Short-circuit quality test: measure impedance of the shorted BNC plug.

At 16 MHz and below, the MFJ-269 shows it as 0+0j. Above 16 MHz, some
reactance shows up... 2 ohms at 28 MHz, 3 ohms at 42 MHz, 4 ohms and
55 MHz, 8 ohms at 112 MHz, 10 ohms at 144 MHz, 12 ohms at 169 MHz.
The inductance of the shorted plug itself, and/or the length of the
N-to-BNC adapter on the analyzer, is having some effect. SWR remains
unreadably high: 31 up through VHF and 5 on 440. It's not the
highest-quality "short circuit" in the world, for certain, but at HF
and VHF it's close enough for our purposes here.

So... what do I conclude from this?

I conclude that at HF and VHF frequencies, if you accidentally short
your transmitter-to-antenna coaxial feedline (with a pin, nail, or a
loose strand of coax braid which "gets loose" inside a connector),
you're going to present your transmitter with an unrealistic load
(high, low, or nastily reactive) and that the power flow up the
feedline is going to stop at the short circuit.

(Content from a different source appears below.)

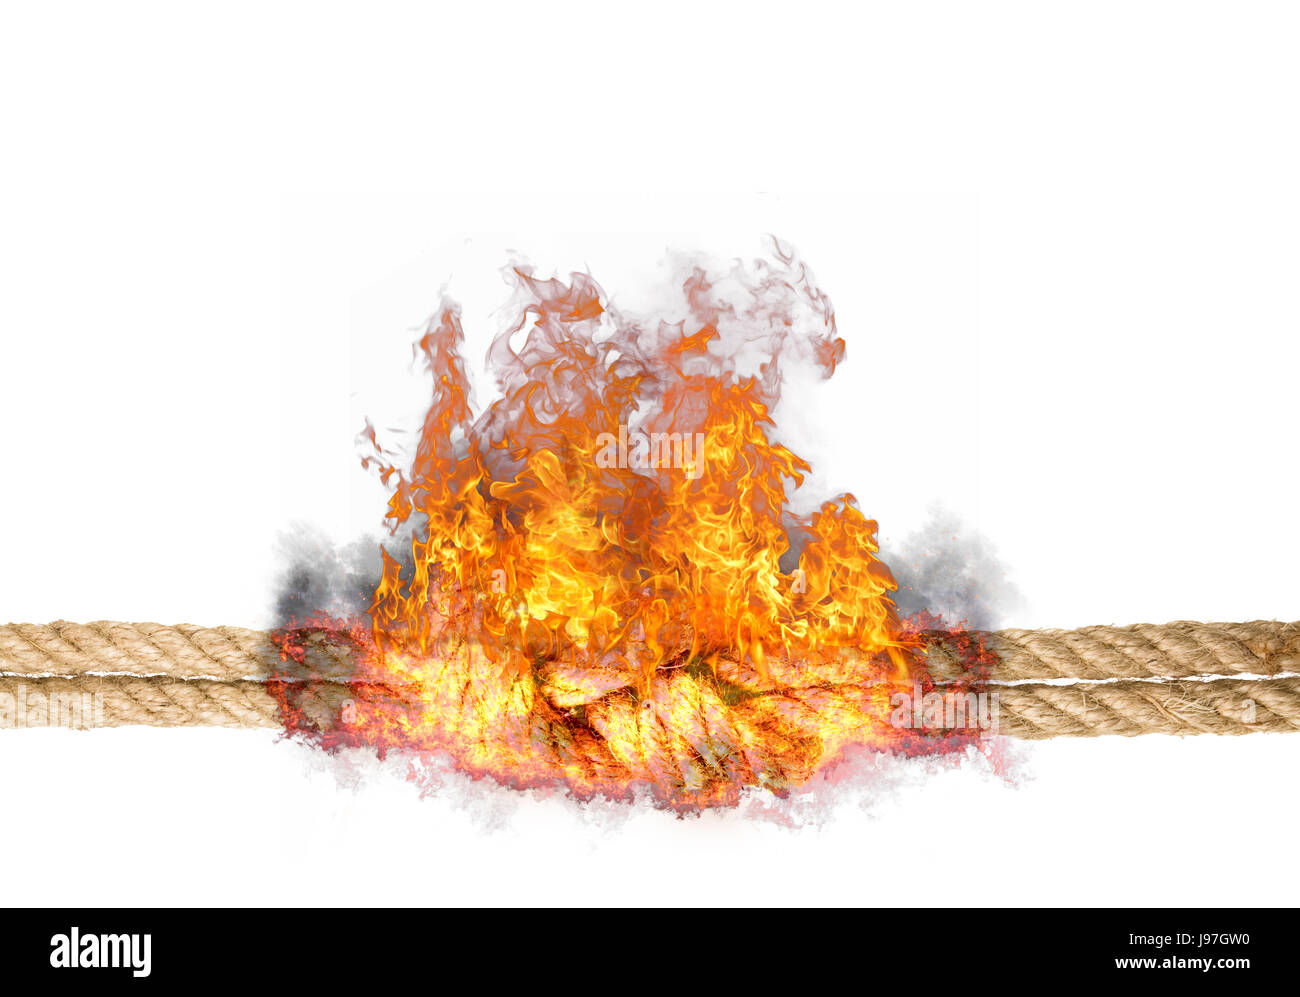 Strong rope with a knot, bursted into flames, isolated against the white colored background Stock Photo
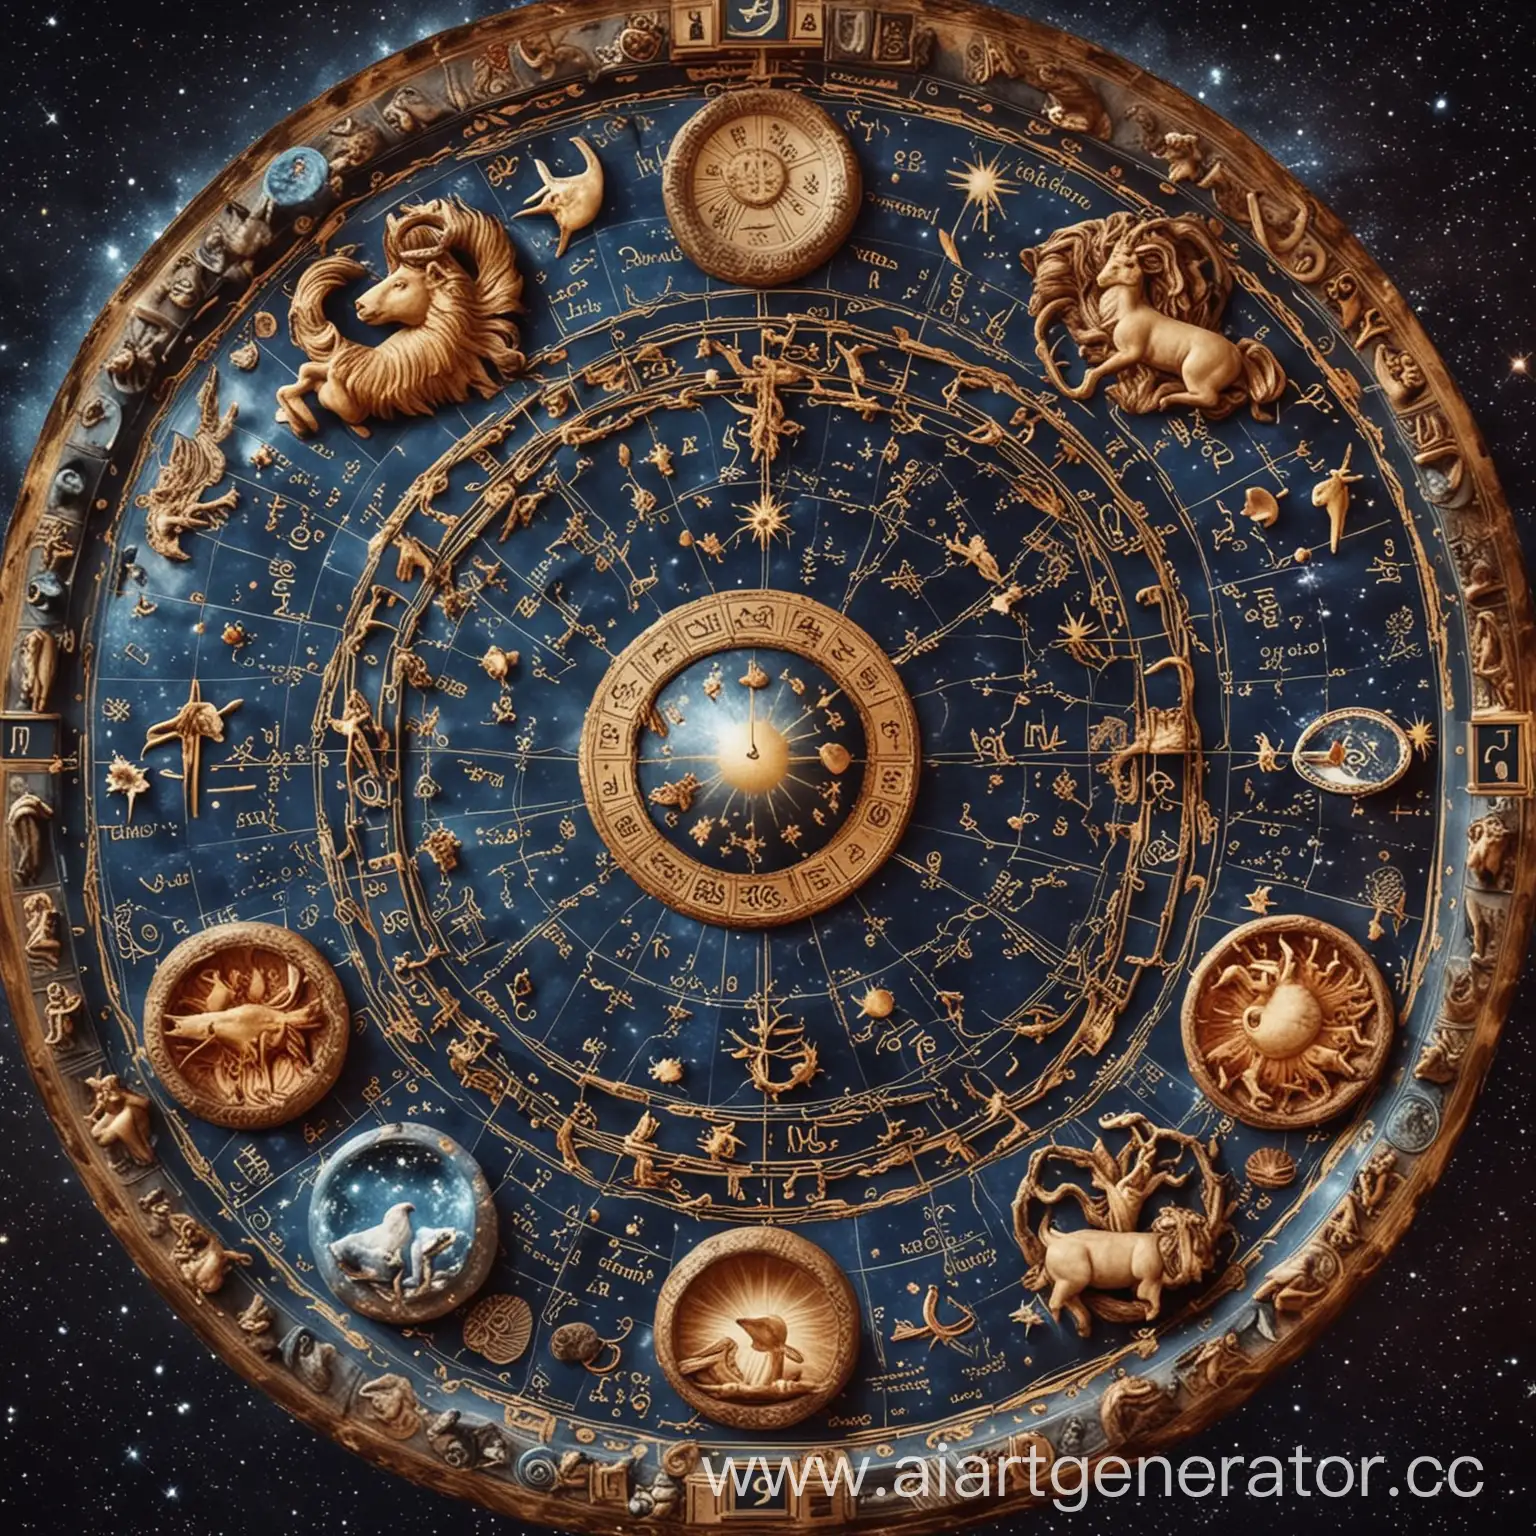 Zodiac-Signs-Illustrated-in-Vibrant-Astrological-Artwork

Since no "short circuit" in the real world is going to have 0+0j
impedance, this isn't *absolutely* true, but you can probably consider
it to be *practically* true and correct at these frequencies, with
this sort of shorting.

I further conclude that with respect to the above, there's no 'magic'
about shorts which happen to occur at a quarter-wavelength distance
from the transmitter. In this situation, the transmitter will 'see'
something which behaves like a quarter-wavelength shorted stub... the
load further up the transmission line at the antenna remains
'invisible' to the transmitter.

At high-UHF and SHF/microwave frequencies, where a direct "short" is
likely to be a significant fraction of a wavelength, then the
additional reactance of the "short" will certainly affect how the
undesired connection affects what the transmitter "sees". It may
hurt, or help (helping to "tune out" reactance from the antenna
itself), or may be completely invisible. Allison is entirely correct
on this point, under these particular conditions.

--
Dave Platt AE6EO
Hosting the Jade Warrior home page: http://www.radagast.org/jade-warrior
I do _not_ wish to receive unsolicited commercial email, and I will
boycott any company which has the gall to send me such ads!

Even at 50 KW?
73, Steve, K,9.D;C'I

P.S. I suspect it is air line, no?
_____________

Yes. In the case of WJR, it was a length of 1-5/8" OD air-insulated rigid
line (20 foot standard lengths plus a custom length).